Murphy, who spent his first 14 1/2 MLB seasons with the Braves and won back-to-back MVP awards in 1982-1983, got six votes and was left out for the third time on the Era Committee or Veterans Committee ballots, after never getting as much as 25 percent of the votes during 15 years on the BBWAA writers’ ballot before his eligibility was exhausted in 2013. (That period has since been reduced to a maximum of 10 years on the writers’ ballot.)

Besides McGriff, no others on Contemporary Baseball Era Committee ballot came close: Don Mattingly was next with eight votes, followed by Curt Schilling (seven) and Murphy.
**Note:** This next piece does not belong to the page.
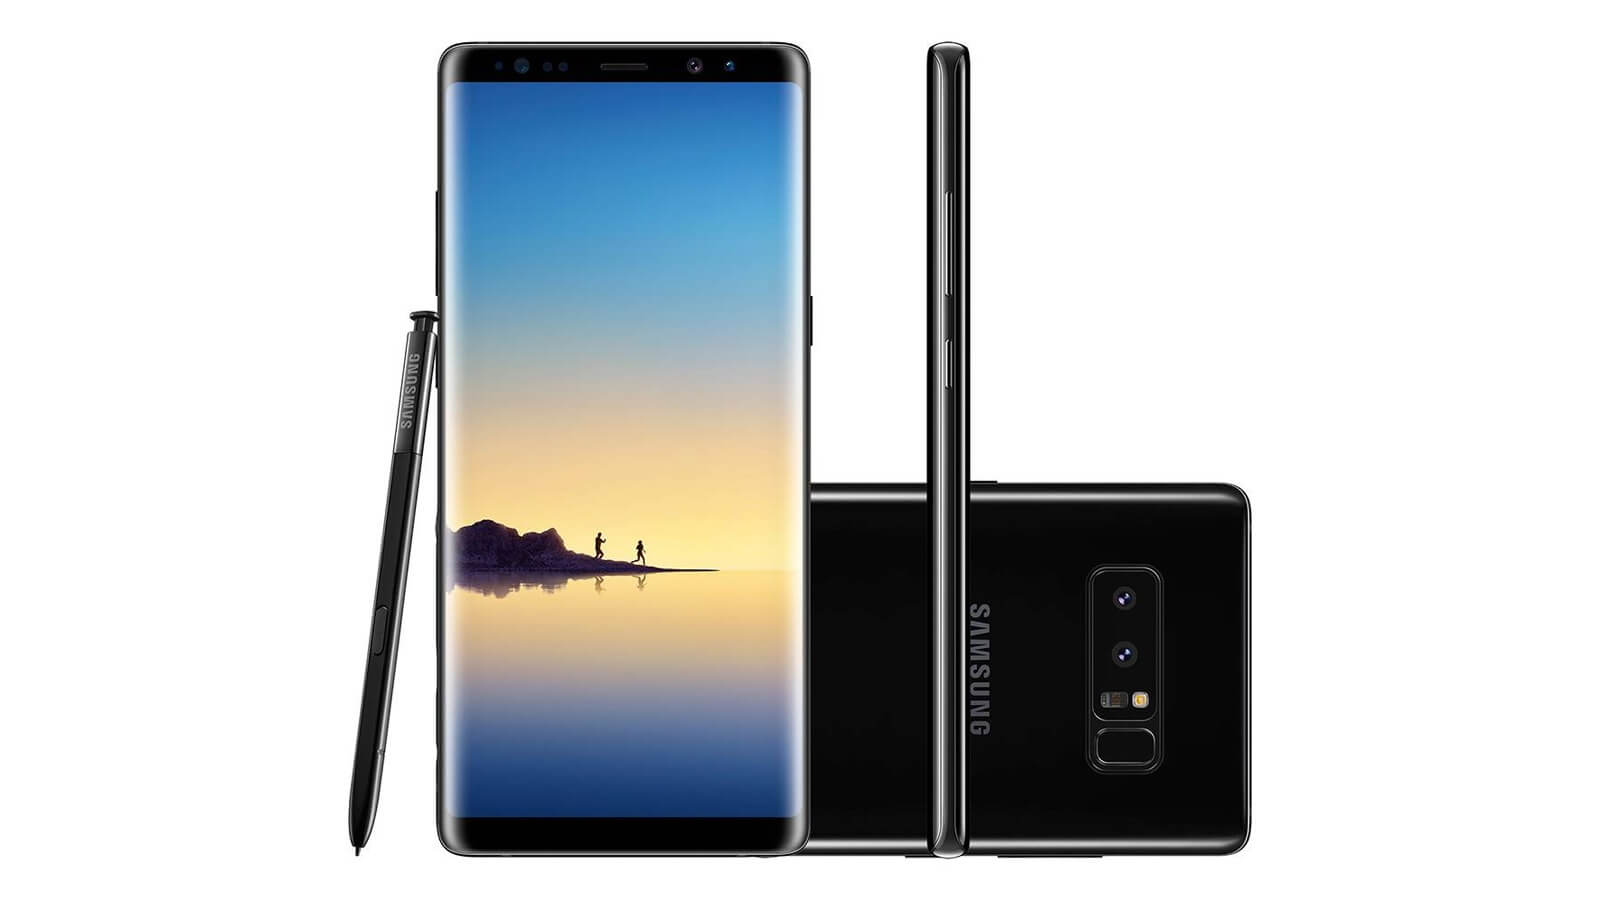 Samsung galaxy note 8 - smartphones top de linha

The others — Bonds, Clemens, Albert Belle, Rafael Palmeiro — got fewer than four apiece, though specific vote totals for each were not announced, nor were the votes of any committee member made public, as has long been the case with the committees.
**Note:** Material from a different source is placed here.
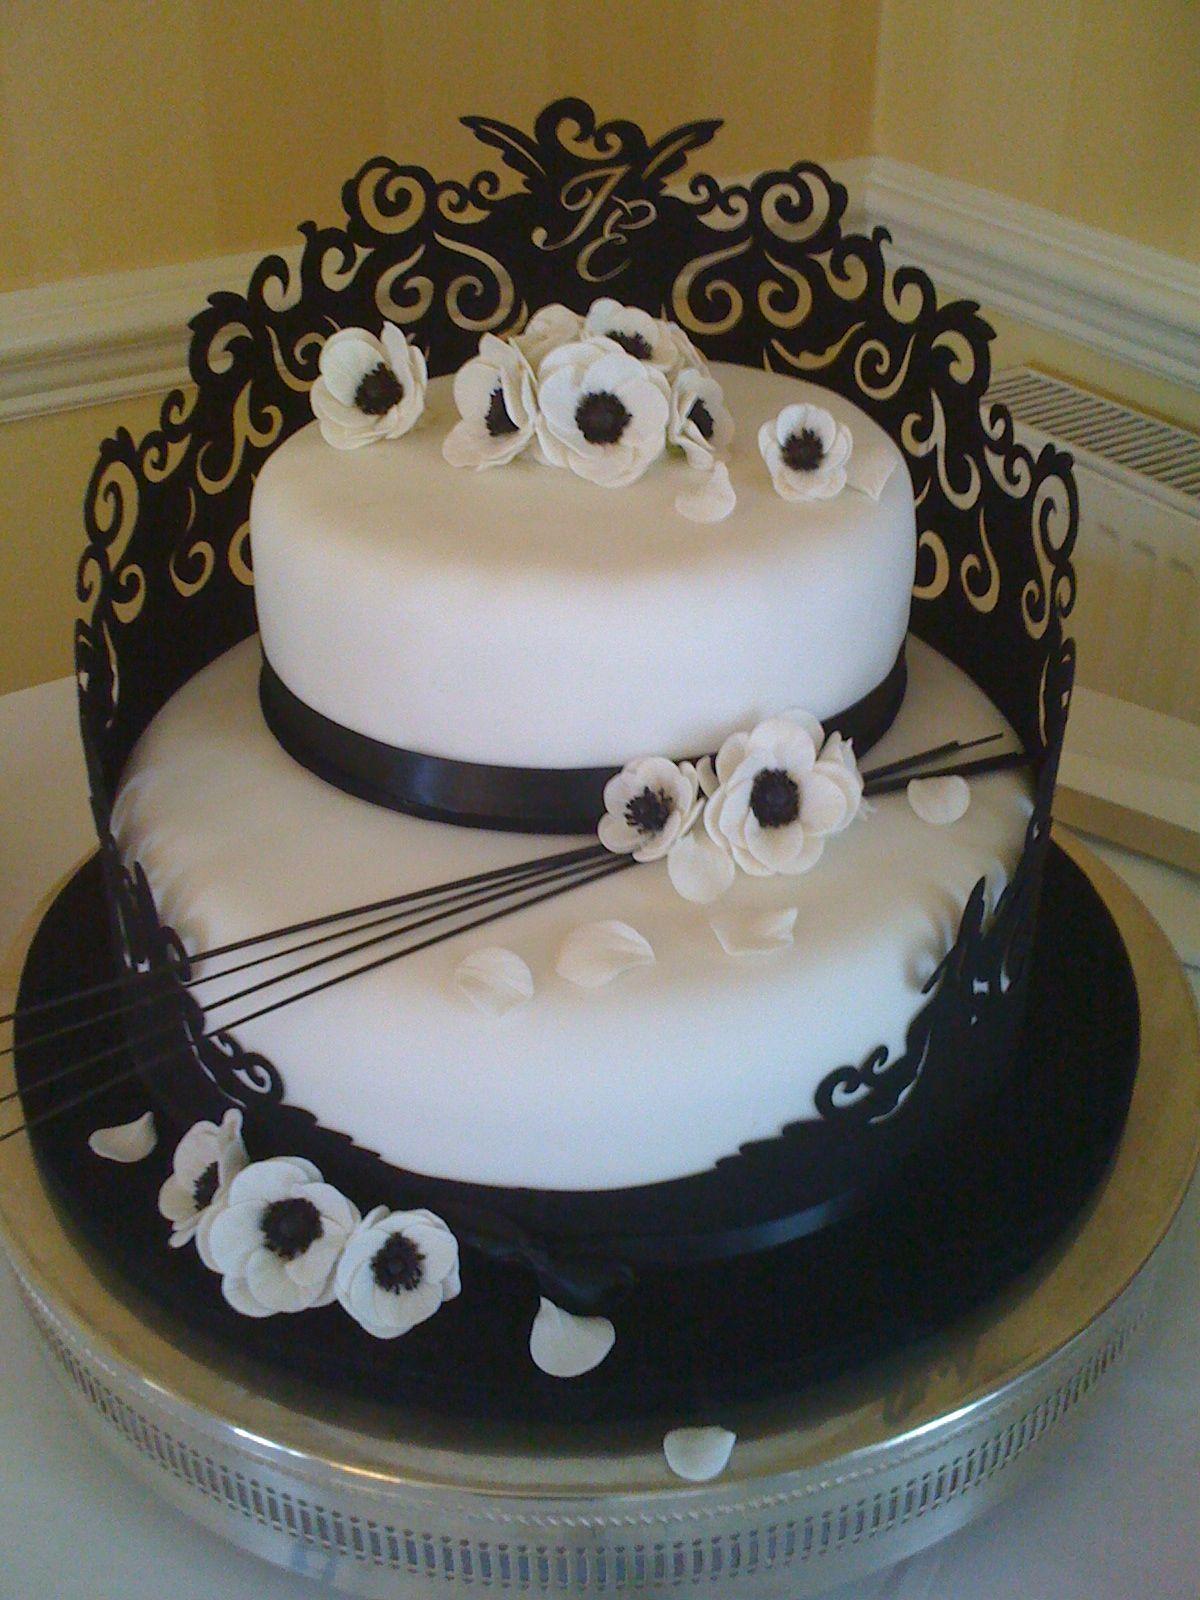 Black And White 2 Tear Wedding Cake (Designed By Mum

Murphy and the others will have to wait at least three more years before getting consideration again when this particular era committee meets in 2025.

When committee members were announced last month, there was optimism in Braves Country that McGriff and Murphy, two of the most popular players of the team’s Atlanta era, might get in, since the 16-member group included Greg Maddux and another Braves icon, Chipper Jones. Both were teammates of McGriff’s on the 1995 World Series title team.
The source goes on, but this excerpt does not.